At a rally in Colorado Springs, Colo., last week, Donald Trump argued the military could safeguard its planned operations by putting them on paper rather than digitizing them.
"Everybody's being hacked," Trump said on Friday. "Let's not send it over the wires so everybody's probably reading it."
"I like the old days, especially for the military and things like that," Trump said. "You want to attack or you want to do something, it's called [a] 'courier.'"
"It's called, 'Let's put it on a thing, put it in an envelope and let's hand it to the general,'" he added, pantomiming the act of writing words on a notepad.
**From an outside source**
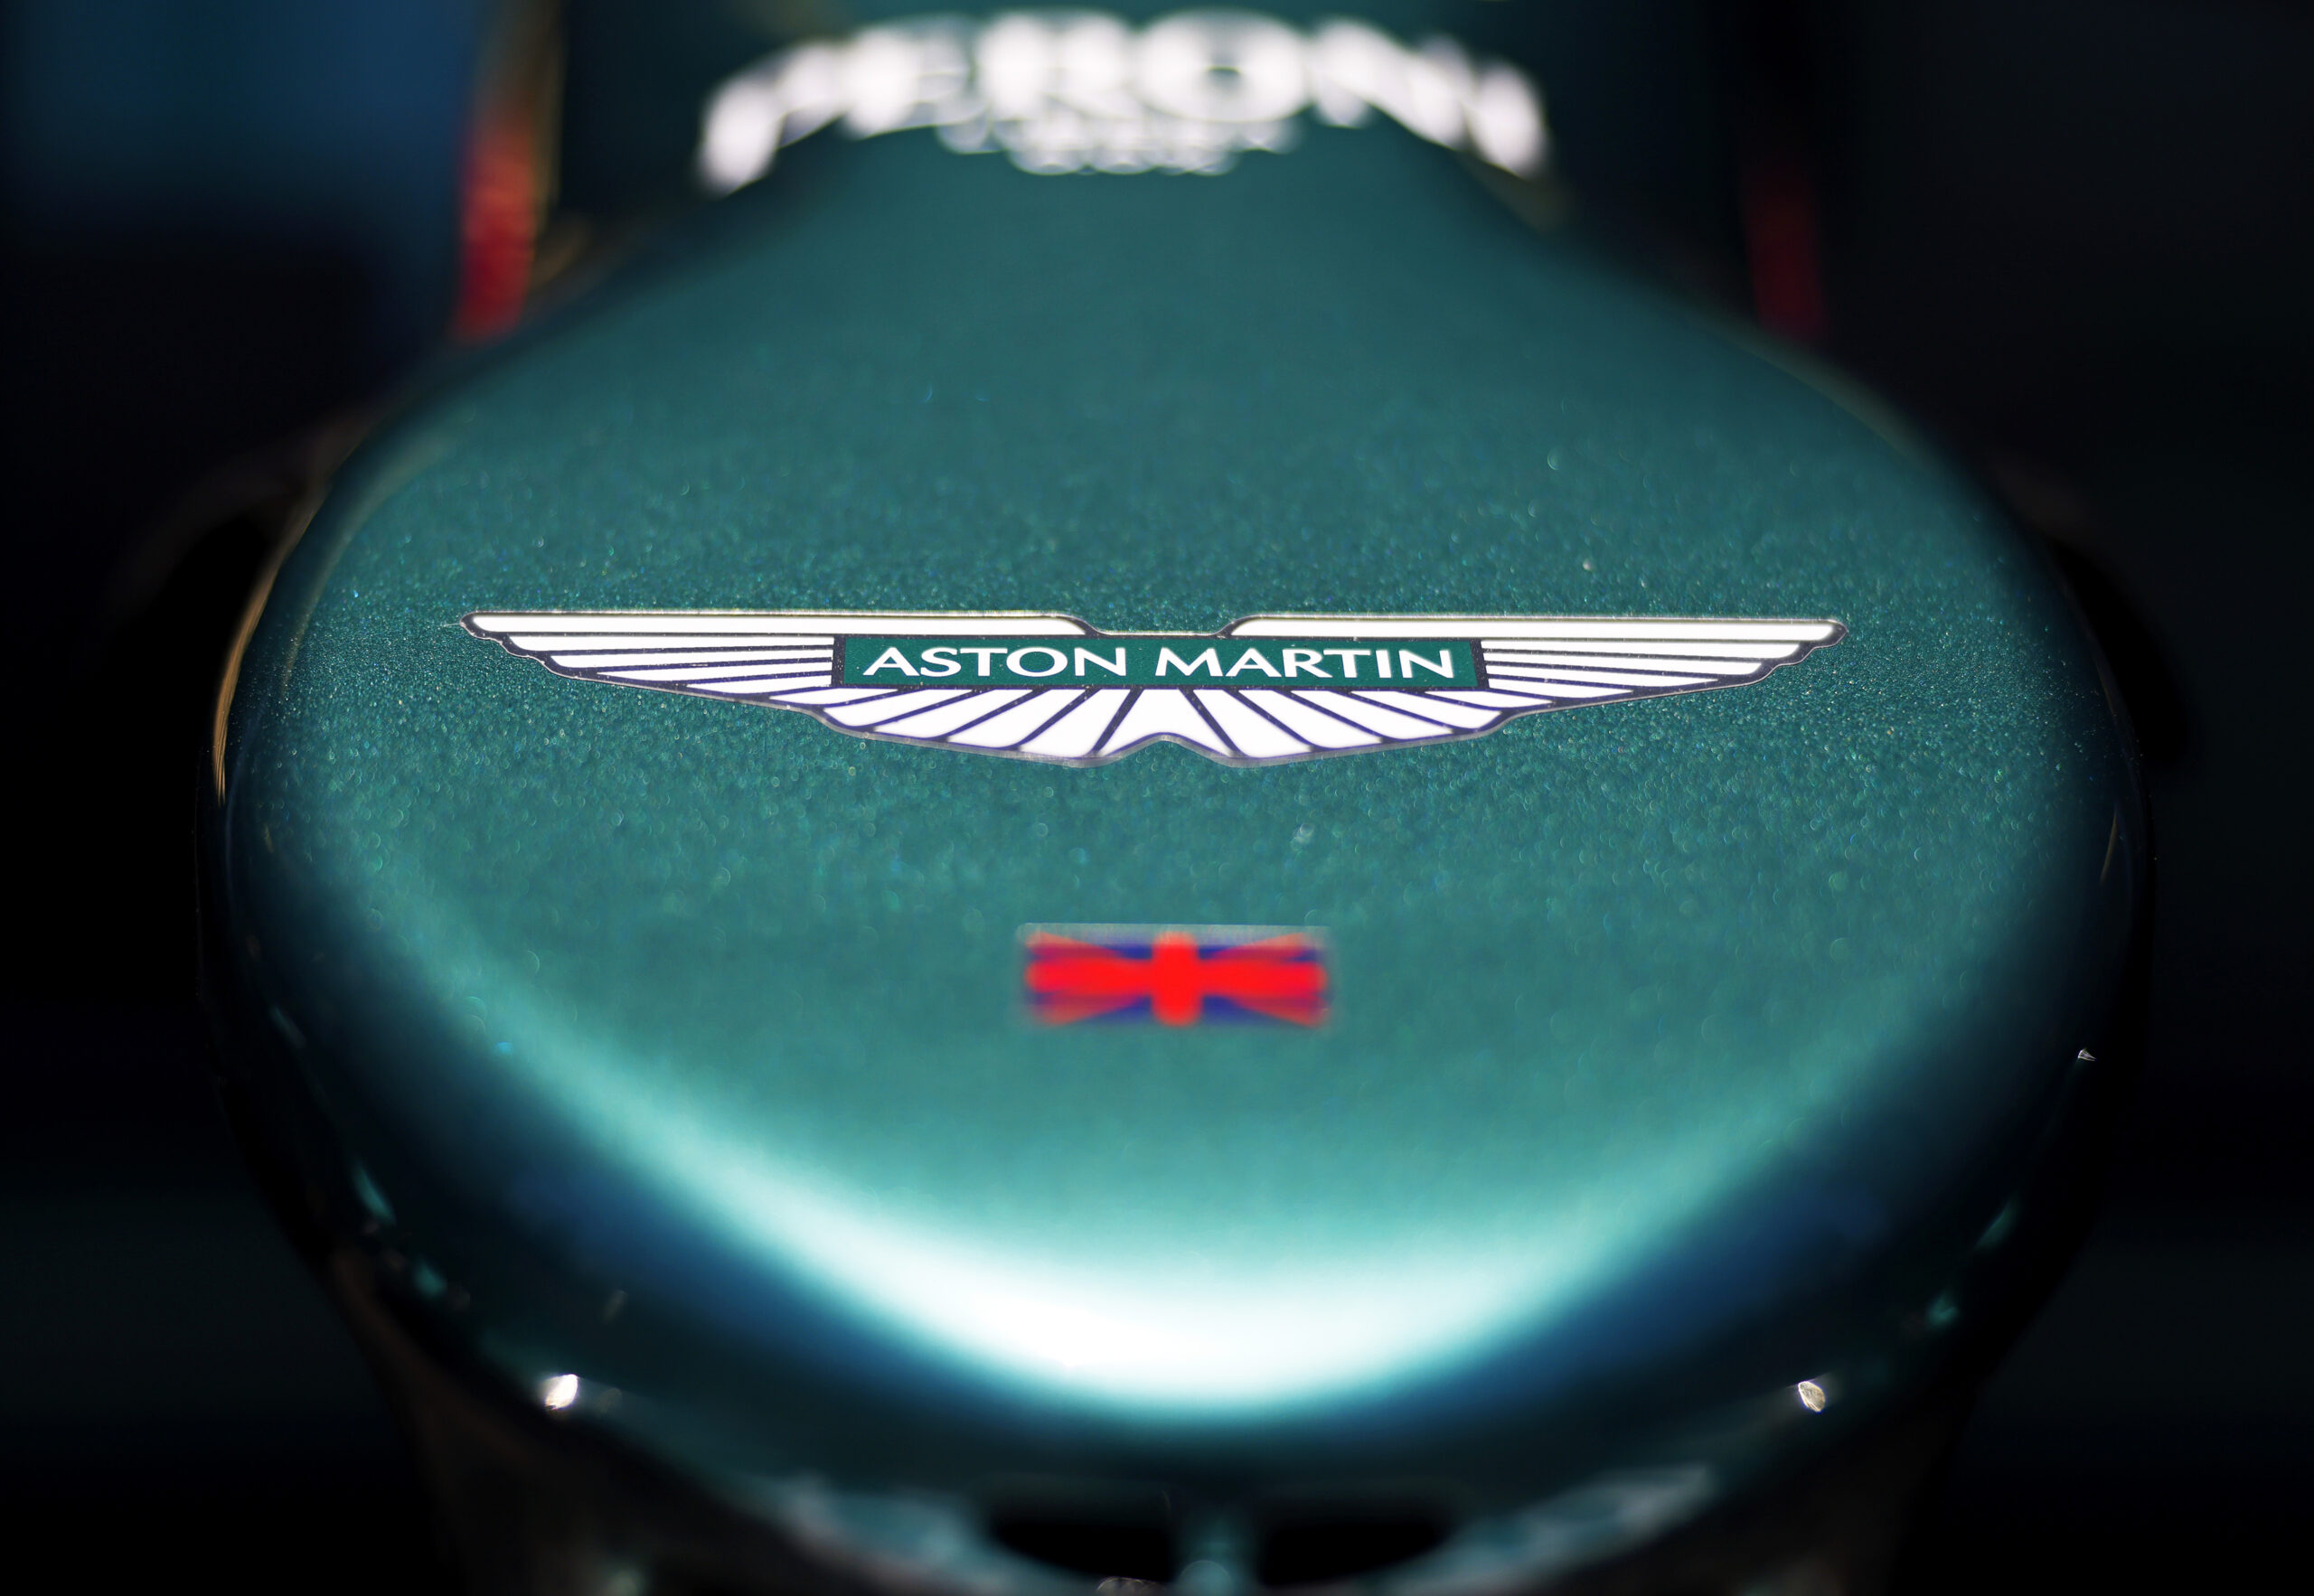 F1 - Officiel : la demande de réexamen d'Aston Martin rejetée par la FIA
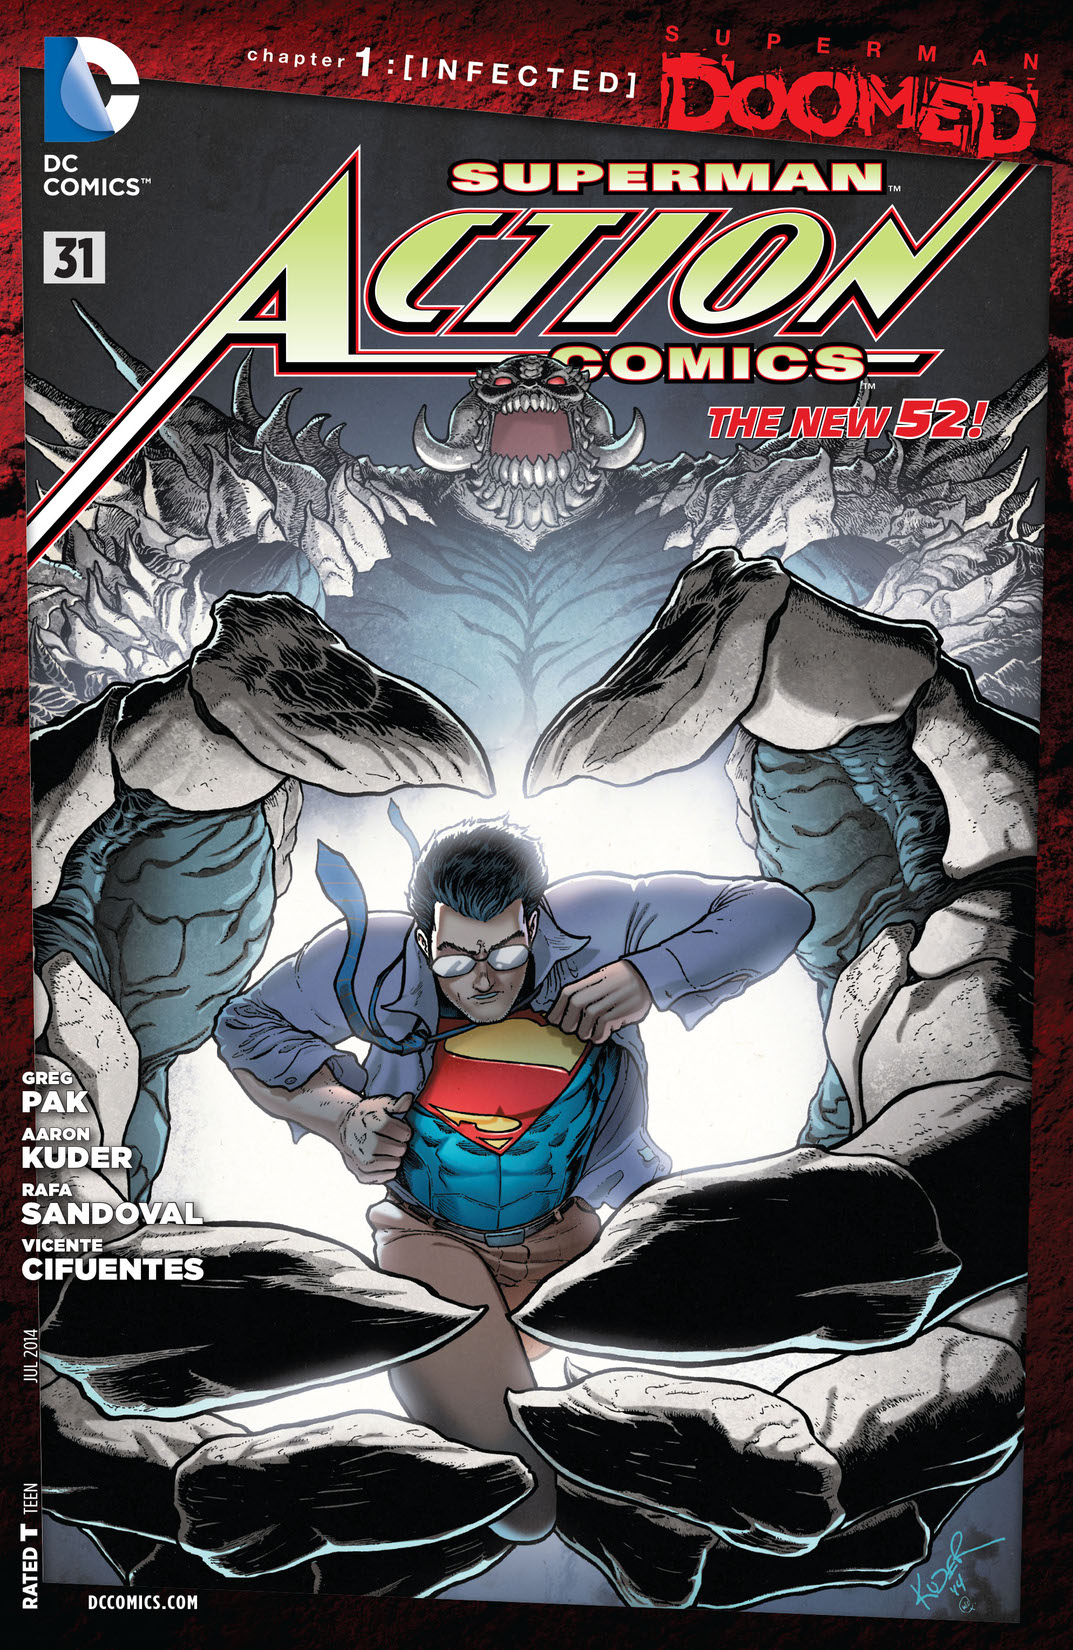 Action Comics (2011-) #31 preview images

Clinton's decision to joke that Trump should use "carrier pigeons" to transmit classified information raised eyebrows given her own struggle with the proper treatment of sensitive material.
FBI Director James Comey's announcement on July 5 that Clinton had demonstrated "extreme carelessness" in her transmission of classified emails as secretary of state underscored one of the biggest weaknesses of her candidacy: the voters' lack of trust in her ethics.
Her social media joke came amid an FBI investigation into hacks of the Democratic National Committee, the Democratic Congressional Campaign Committee and her own campaign.